__WORK ITEM__
Keep the wording of the records intact as you retype them, and omit every image.

EXERCISE INPUT Block Start

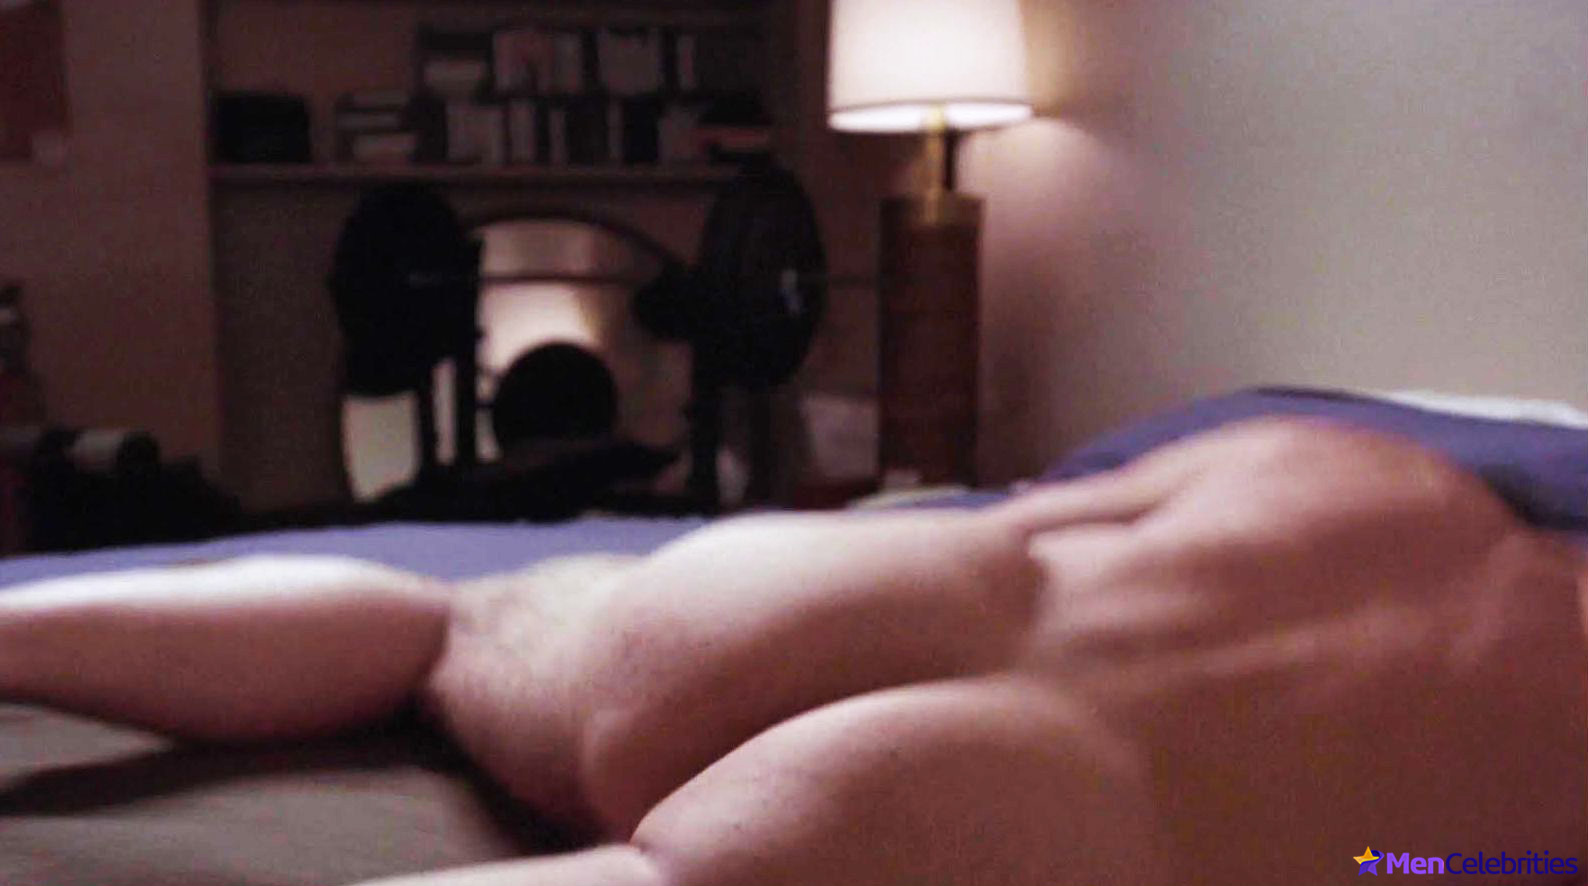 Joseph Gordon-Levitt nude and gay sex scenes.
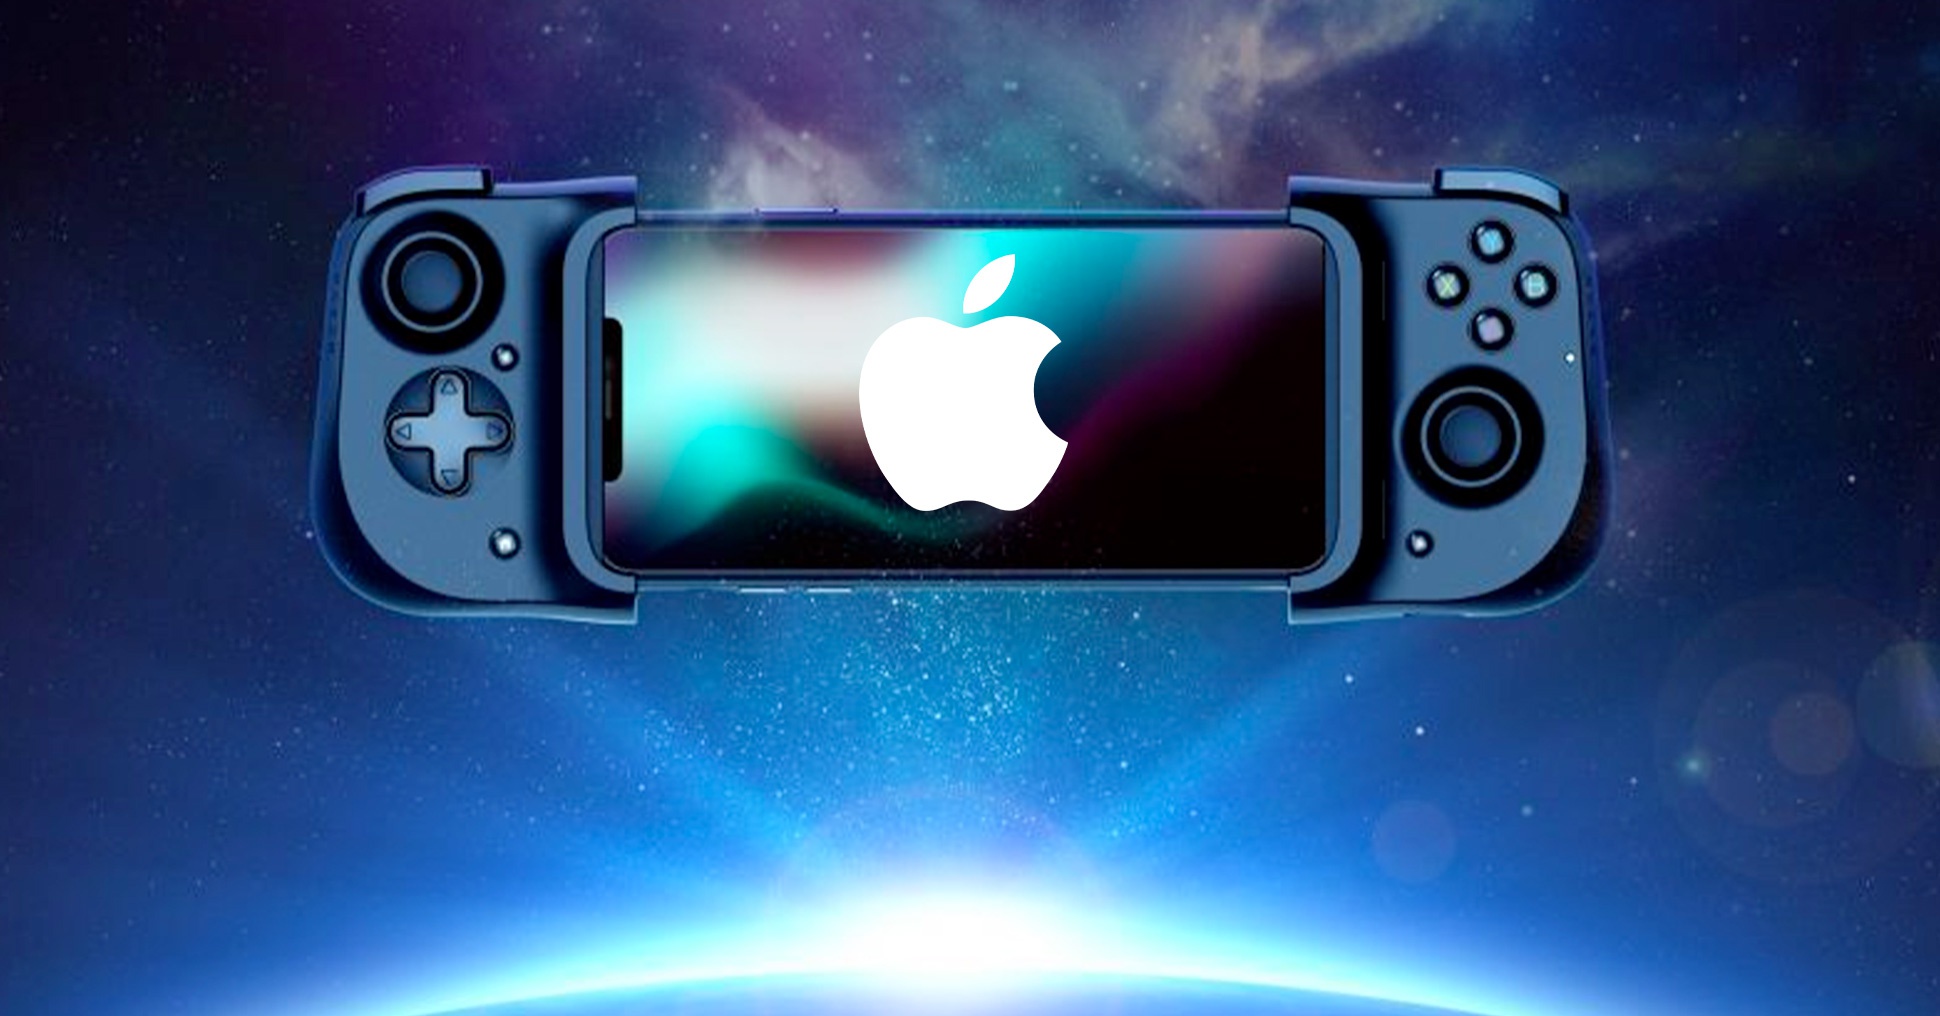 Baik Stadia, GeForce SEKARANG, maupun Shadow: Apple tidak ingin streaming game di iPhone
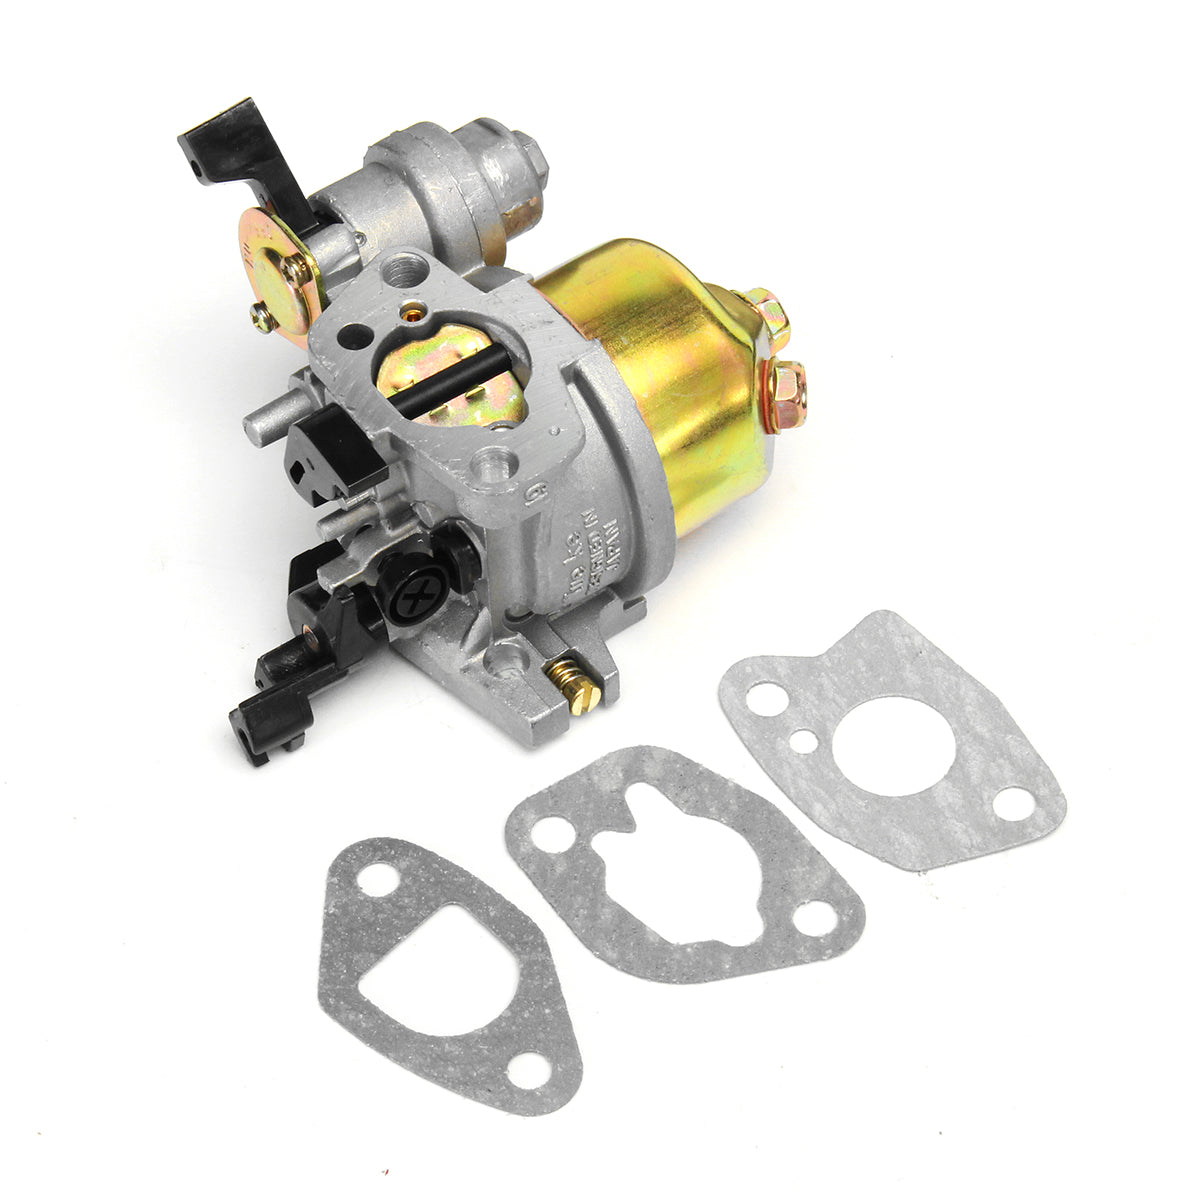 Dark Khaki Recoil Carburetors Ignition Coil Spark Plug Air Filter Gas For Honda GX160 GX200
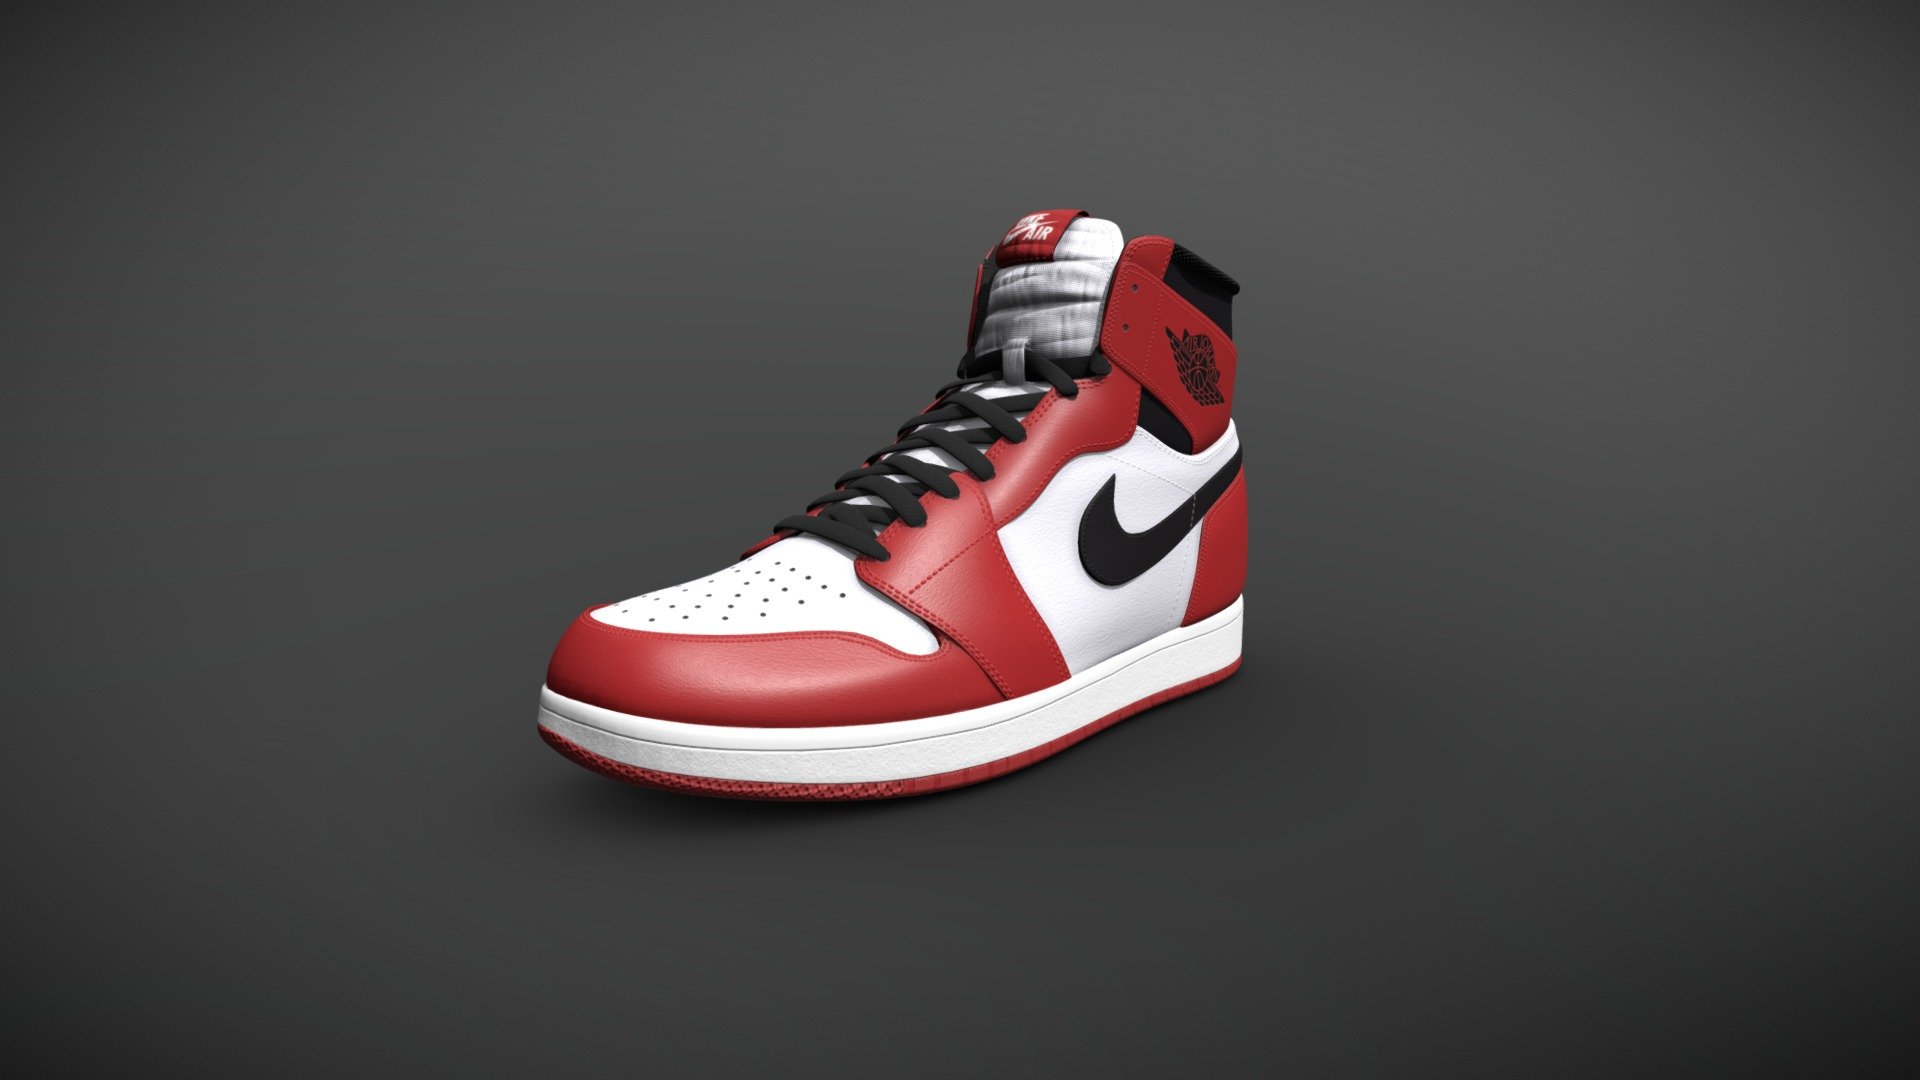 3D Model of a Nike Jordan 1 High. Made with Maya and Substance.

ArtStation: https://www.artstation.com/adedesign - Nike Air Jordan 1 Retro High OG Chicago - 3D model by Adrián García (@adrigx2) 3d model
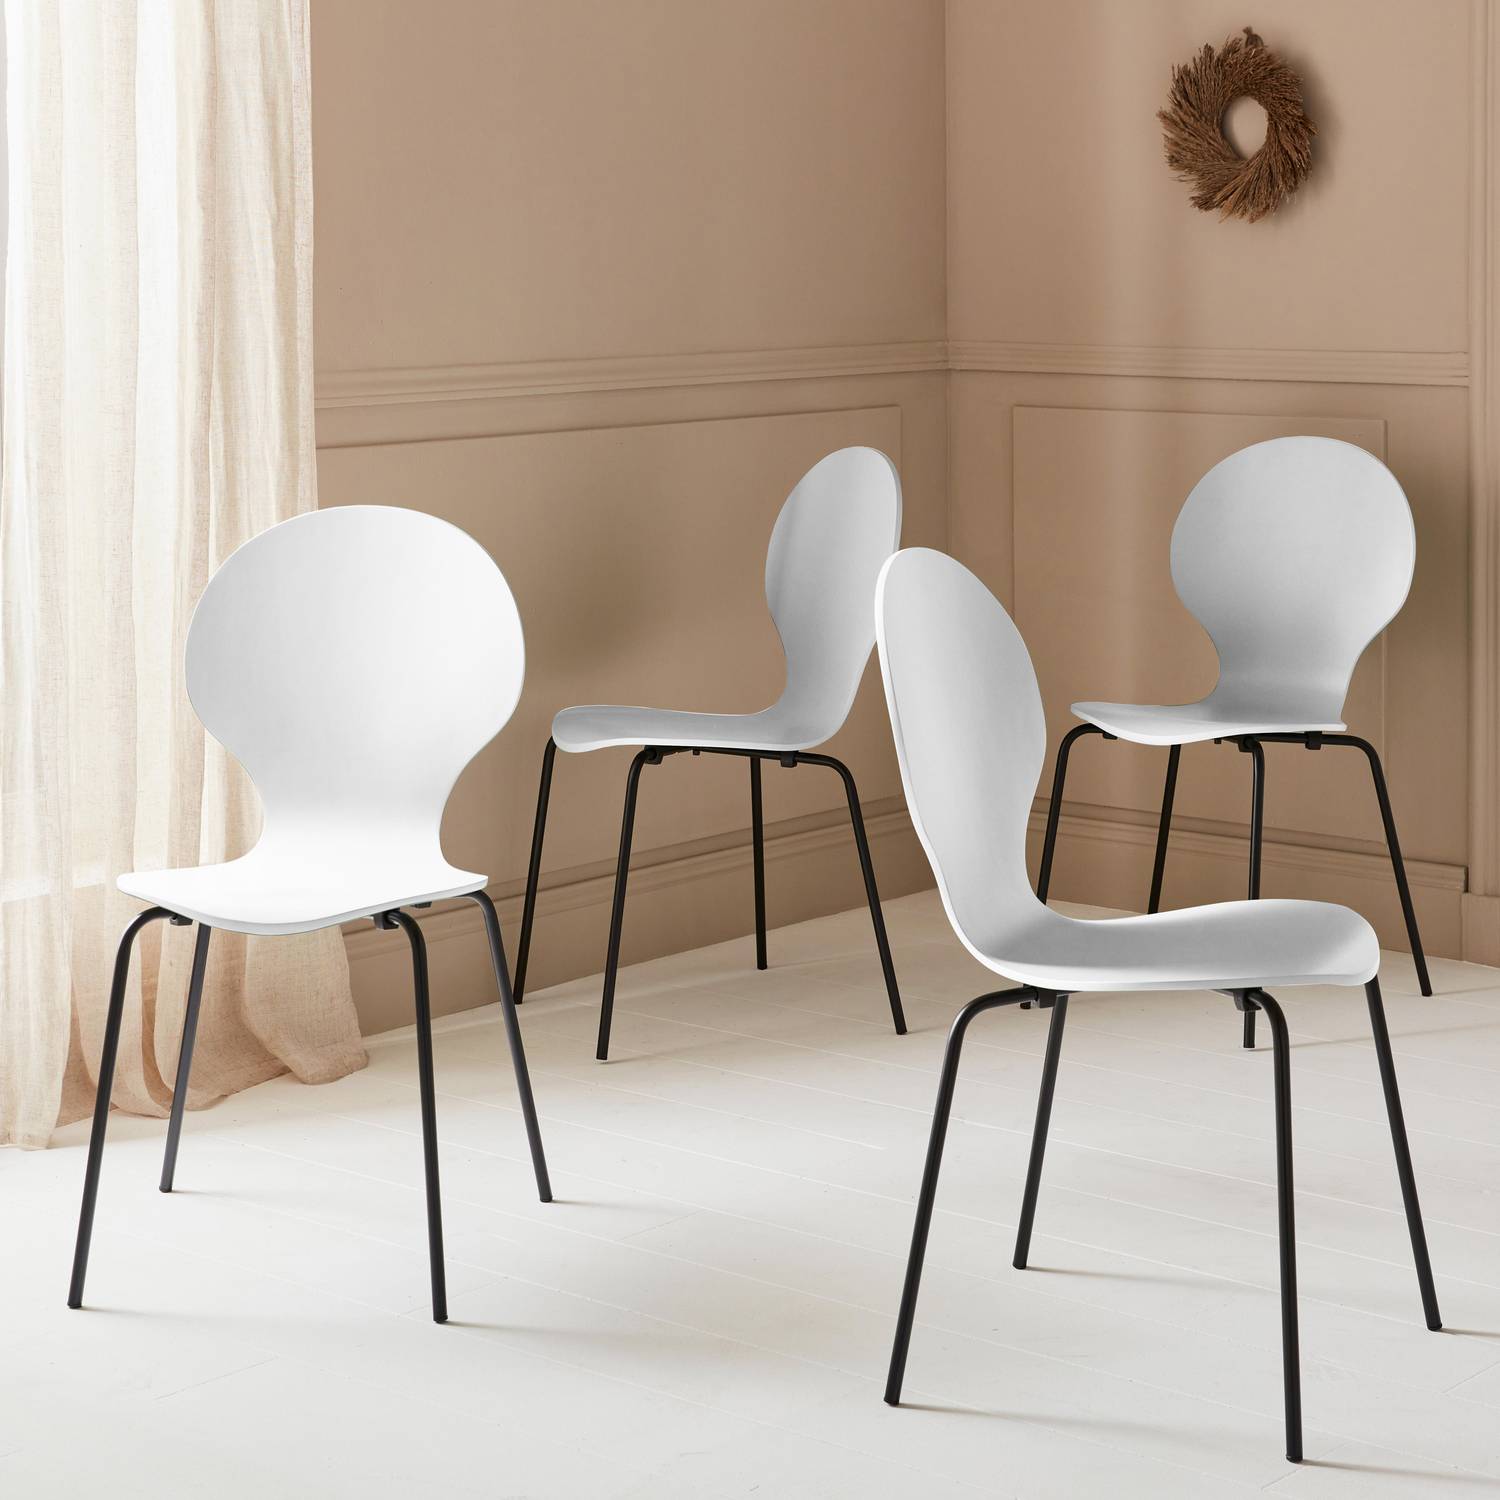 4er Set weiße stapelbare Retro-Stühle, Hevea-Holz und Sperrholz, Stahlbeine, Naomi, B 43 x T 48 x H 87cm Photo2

EXERCISE INPUT Block End

__RESULT FOR THIS EXERCISE__
 Joseph Gordon-Levitt nude and gay sex scenes.
 Baik Stadia, GeForce SEKARANG, maupun Shadow: Apple tidak ingin streaming game di iPhone
 Dark Khaki Recoil Carburetors Ignition Coil Spark Plug Air Filter Gas For Honda GX160 GX200
 3D Model of a Nike Jordan 1 High. Made with Maya and Substance.

ArtStation: https://www.artstation.com/adedesign - Nike Air Jordan 1 Retro High OG Chicago - 3D model by Adrián García (@adrigx2) 3d model
 4er Set weiße stapelbare Retro-Stühle, Hevea-Holz und Sperrholz, Stahlbeine, Naomi, B 43 x T 48 x H 87cm Photo2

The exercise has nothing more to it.